**Your task**
Without the pictures, repeat the listing character for character.

**Recorded information**

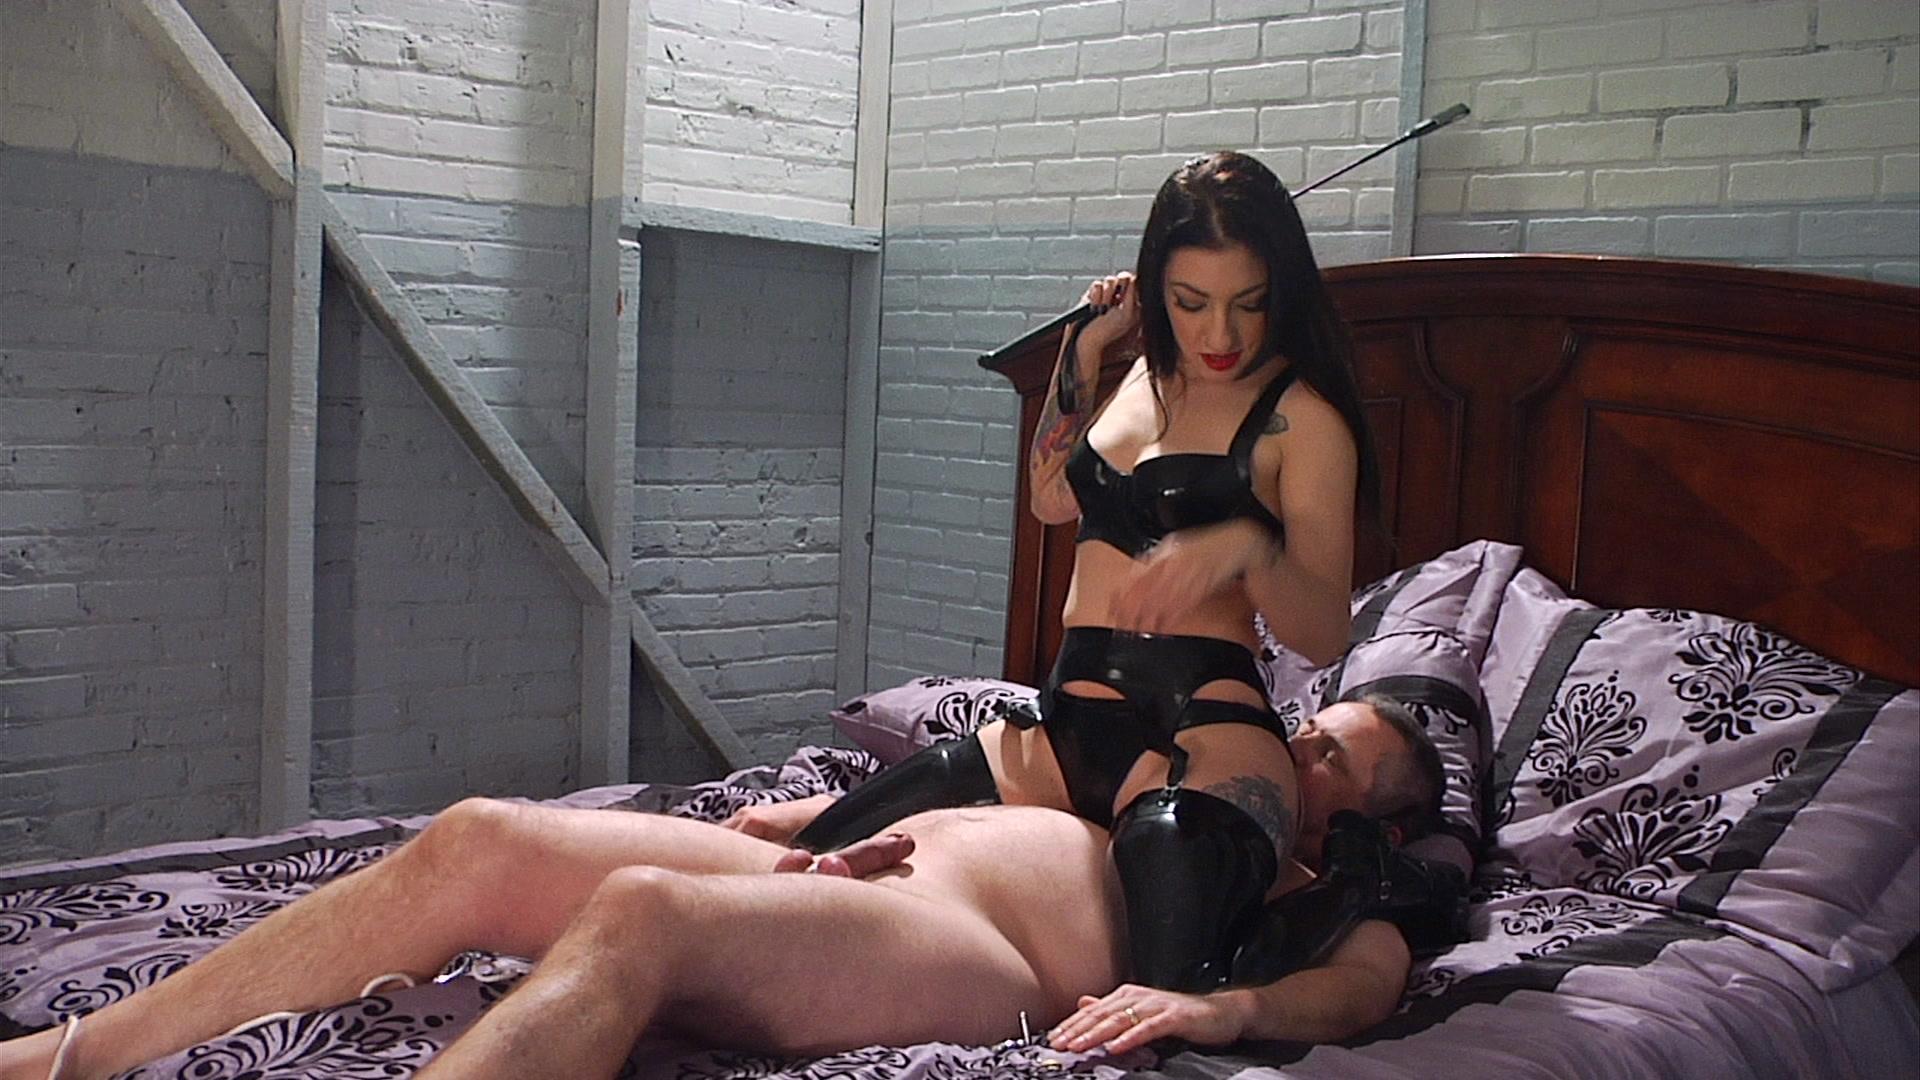 She sexy Bdsm video rental stunning
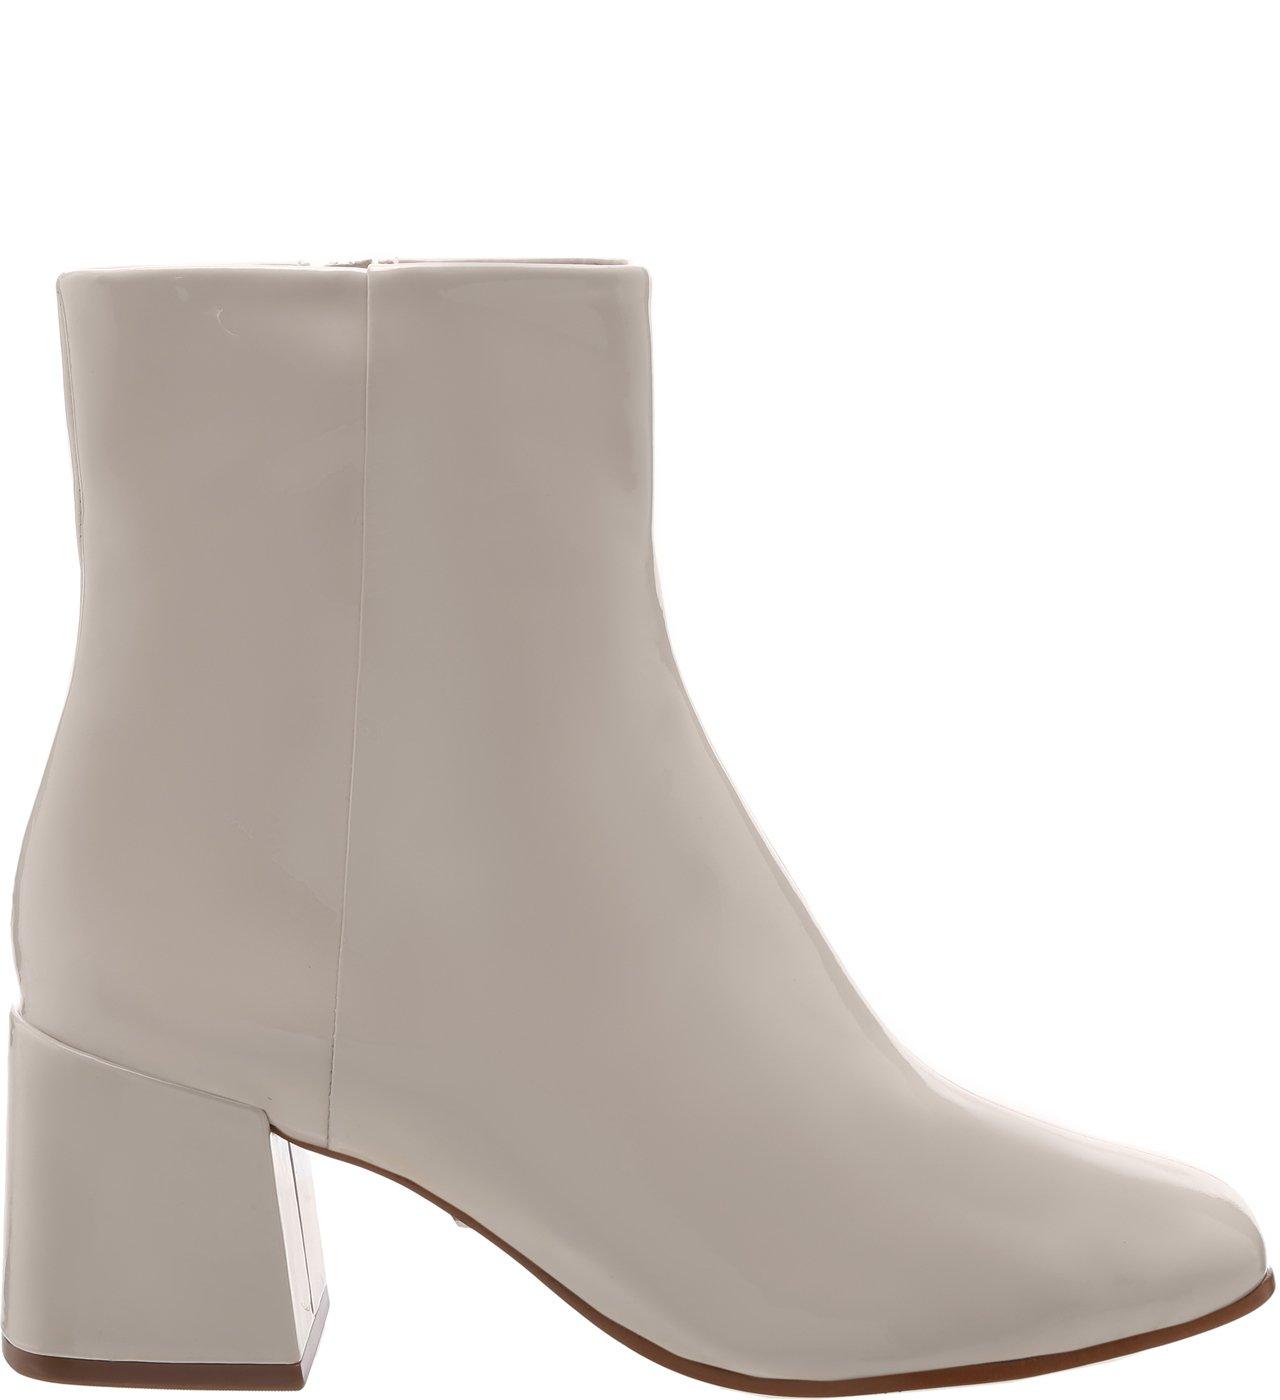 Bota Block Heel Verniz White | Schutz
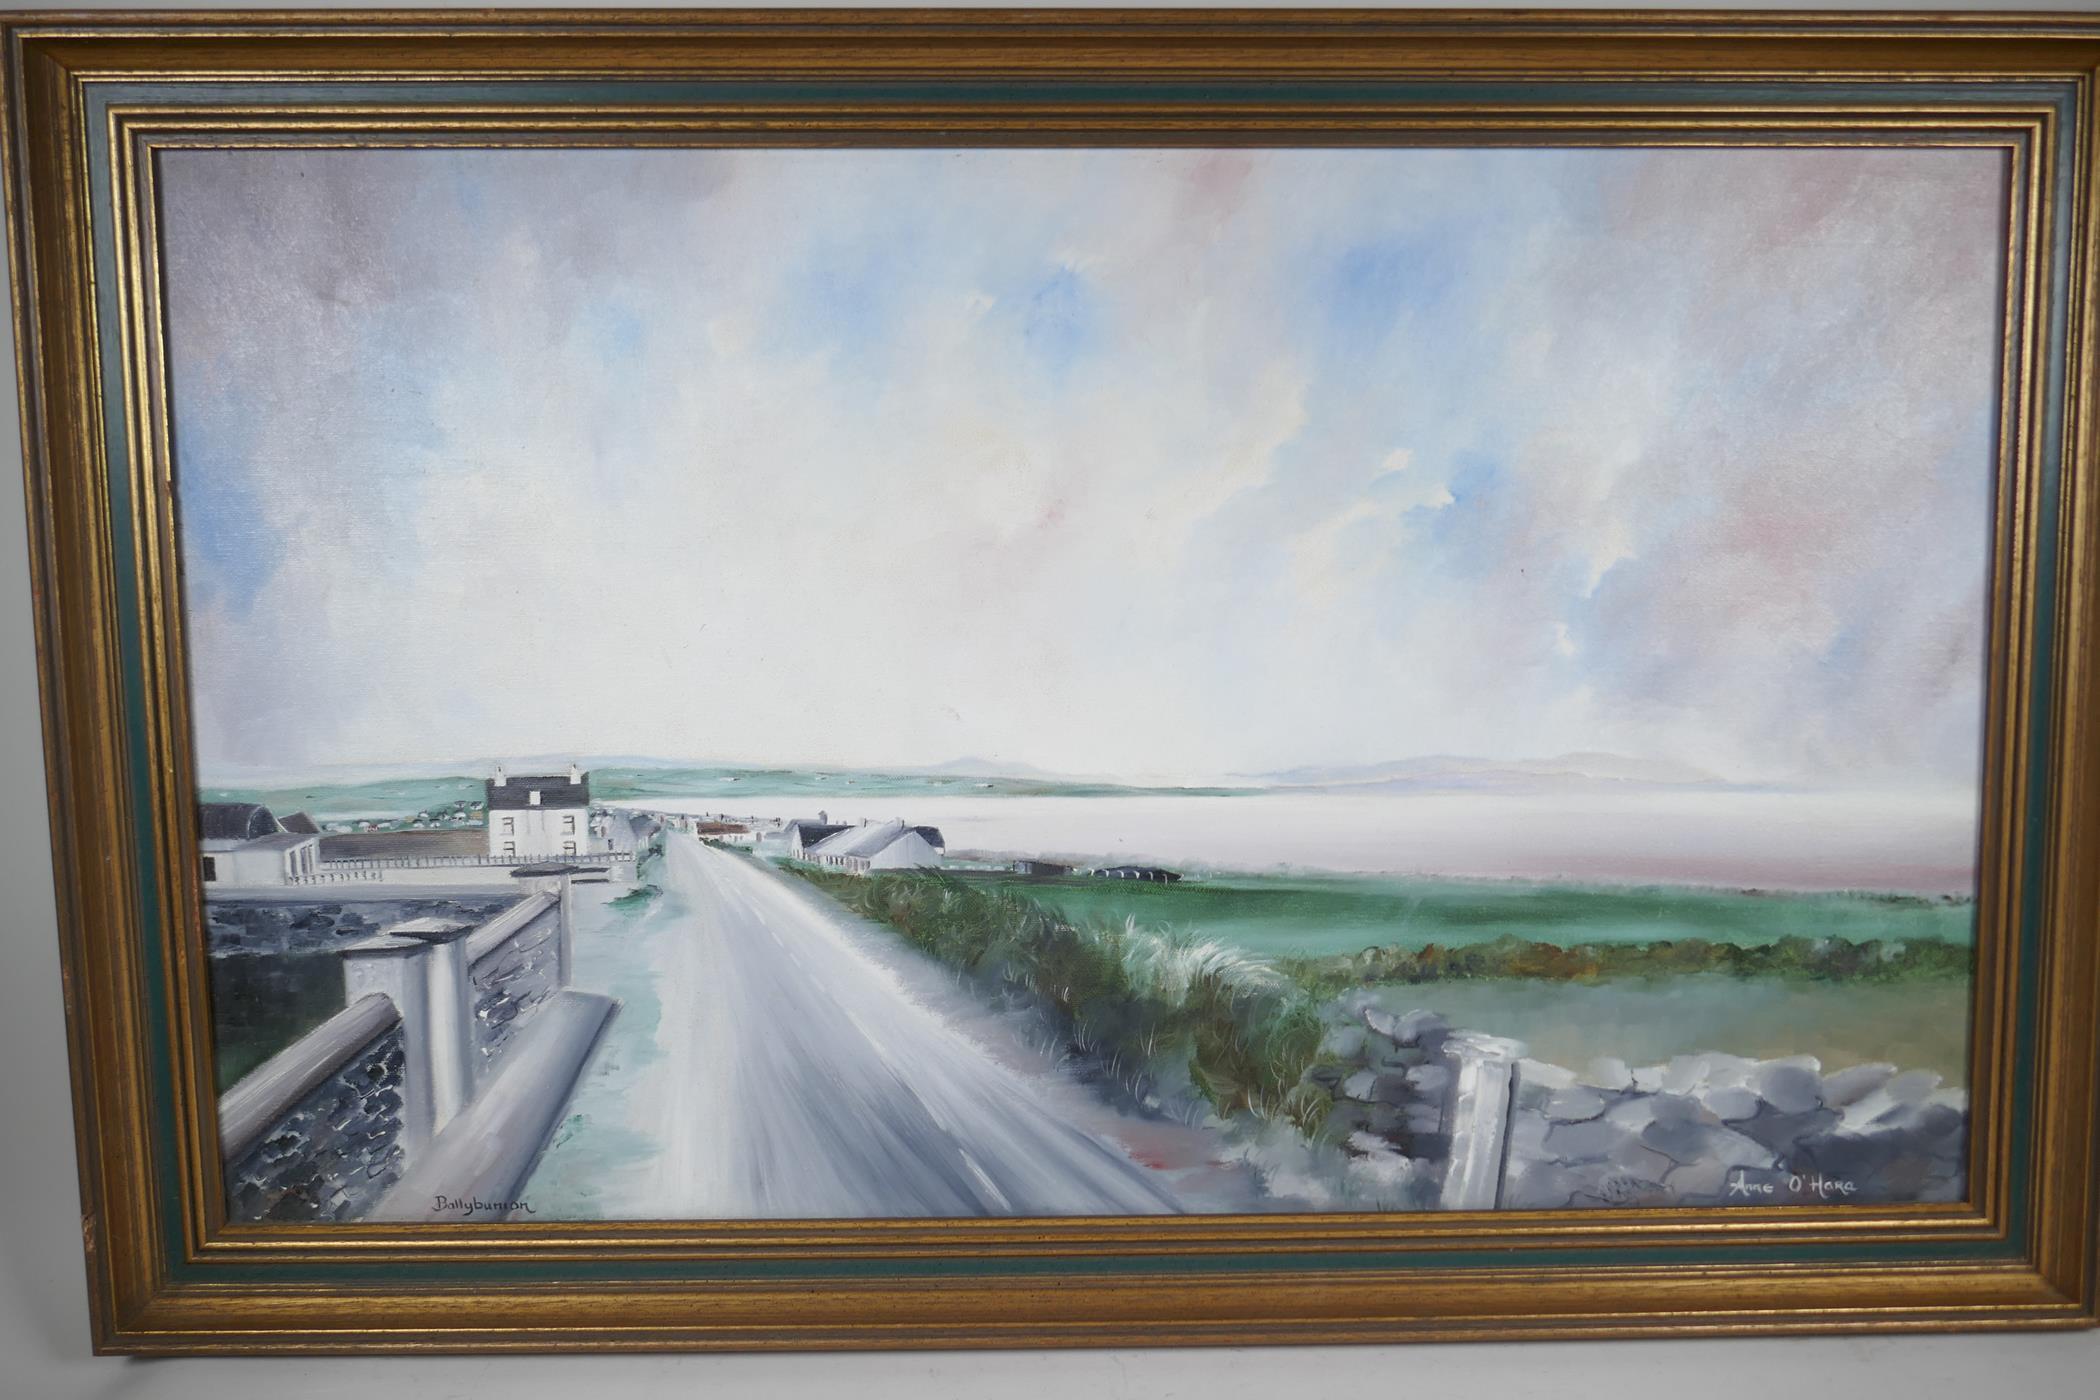 "Anne O' Hara, Irish coastal landscape, titled 'Ballybunion', signed, oil on canvas, 30"" x 18"" - Image 3 of 5"

**Task result**
 She sexy Bdsm video rental stunning
 Bota Block Heel Verniz White | Schutz
 "Anne O' Hara, Irish coastal landscape, titled 'Ballybunion', signed, oil on canvas, 30"" x 18"" - Image 3 of 5"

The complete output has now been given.